WARK (1490 kHz) is an commercial AM radio station located in Hagerstown, Maryland, it features a news/talk radio format including syndicated shows with Mike Gallagher,
Sean Hannity, and Mark Levin. The station also carries sporting events for the Baltimore Orioles, Baltimore Ravens, and Maryland Terrapins.

==Ownership==
WARK is owned by Manning Broadcasting, Inc. WARK broadcasts an FM translator (W255CP) on 98.9 MHz (250 watts @ 341 feet on the WARK tower). WARK is also simulcast on WWEG HD4.

==History==
The station signed on the air on July 20, 1947.

During the 1960s and 1970s, while owned by Washington DC–based Rau Radio, WARK was a primary source for top 40 music in Hagerstown. Around 1977, WARK adjusted its format to "Adult Rock" (an early form of the "adult contemporary" format) and took on the 15ARK moniker. This lasted until February 1981, when they became Skyline Radio, a mixed talk/music format. It failed within three months; the station was again playing Adult Rock on 15ARK as of May 1981, and made a last foray into a broader Top 40 format with "The Ark" in early/mid-1982. In August 1982, the station changed format again to the Music of Your Life syndicated format. This lasted until sometime in the mid 2000s, when they became a full-time talk radio station. In October 1982, Rau Radio sold WARK to Manning Broadcasting; in 2005, the station was acquired by Nassau Broadcasting Partners.
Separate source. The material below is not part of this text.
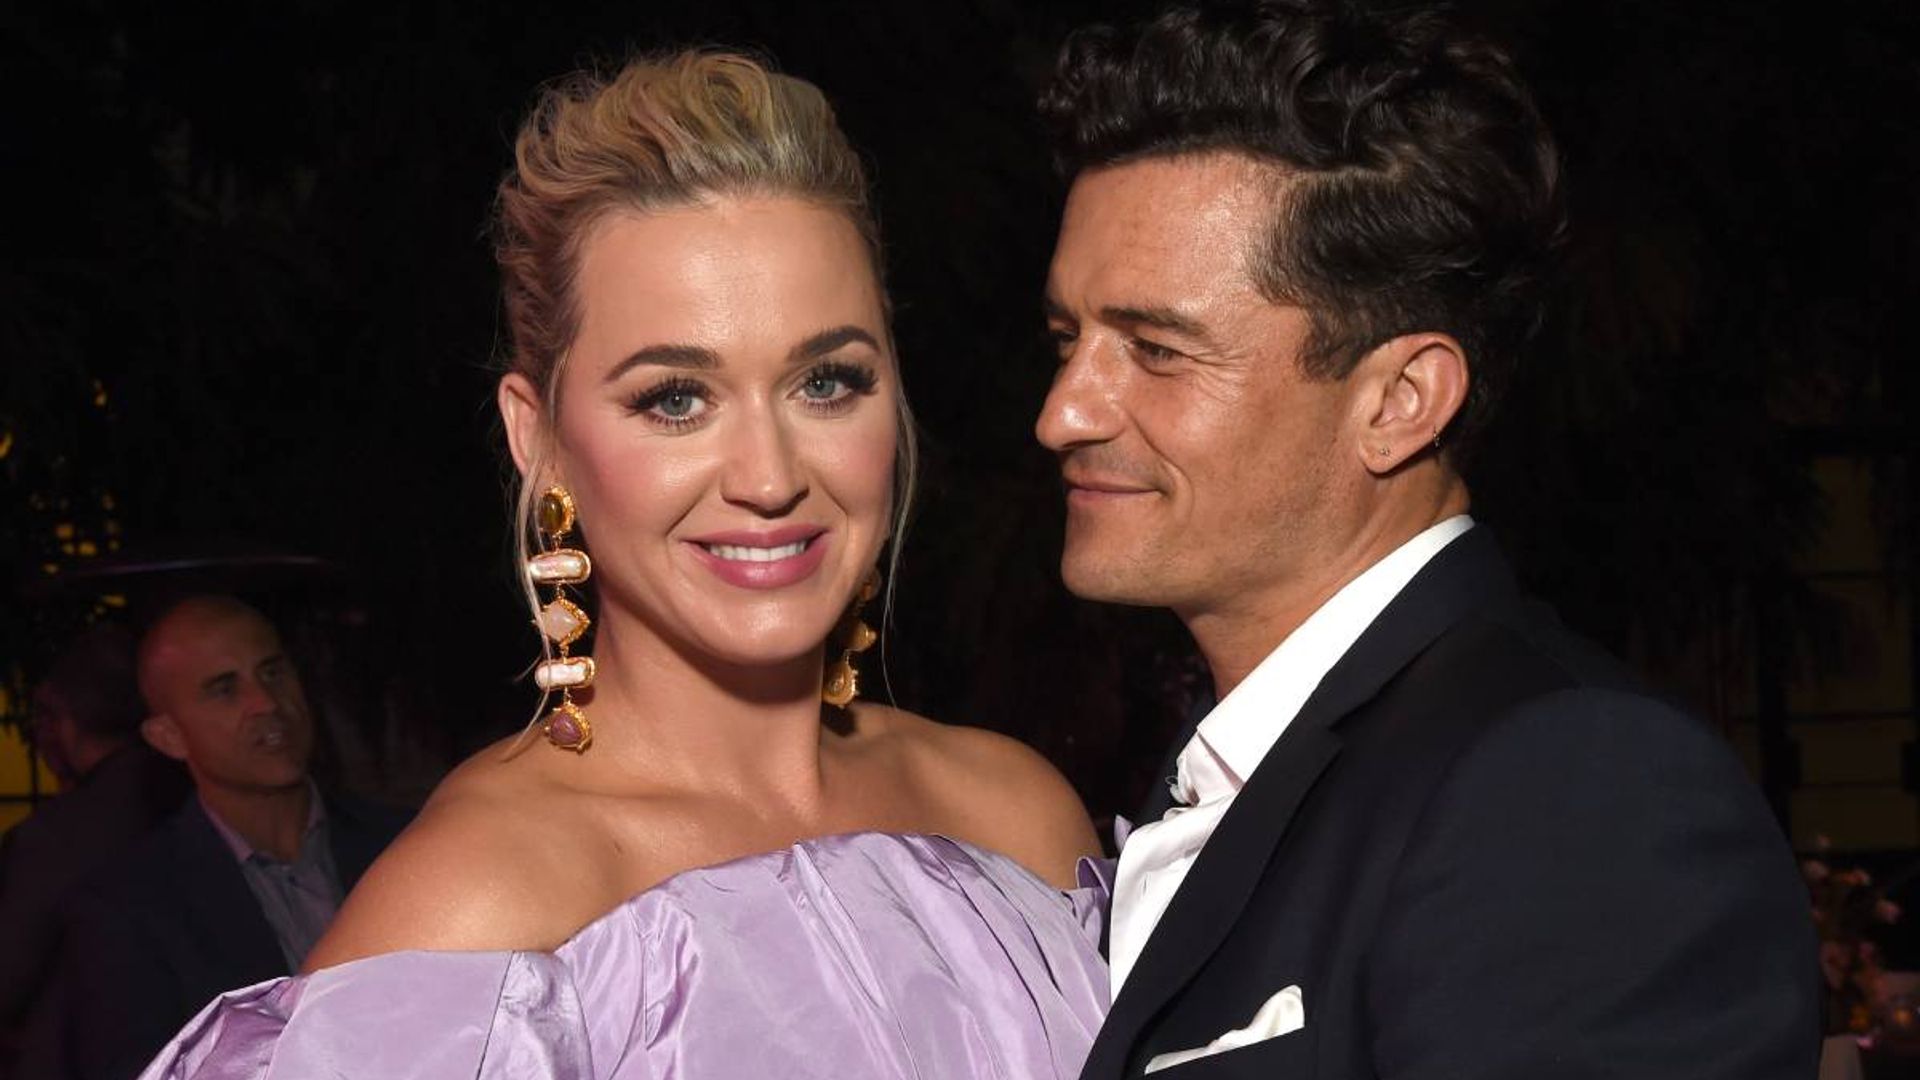 Katy Perry and Orlando Bloom mark double celebration on memorable day

After Nassau went into chapter 11 bankruptcy protection, WARK and WWEG, along with WAFY in Frederick, were purchased by Manning Broadcasting in May 2012, with the sale being completed on November 1, 2012, at a price of $6.4 million. Manning's repurchase of WARK and WWEG followed a lawsuit against Nassau over missed payments.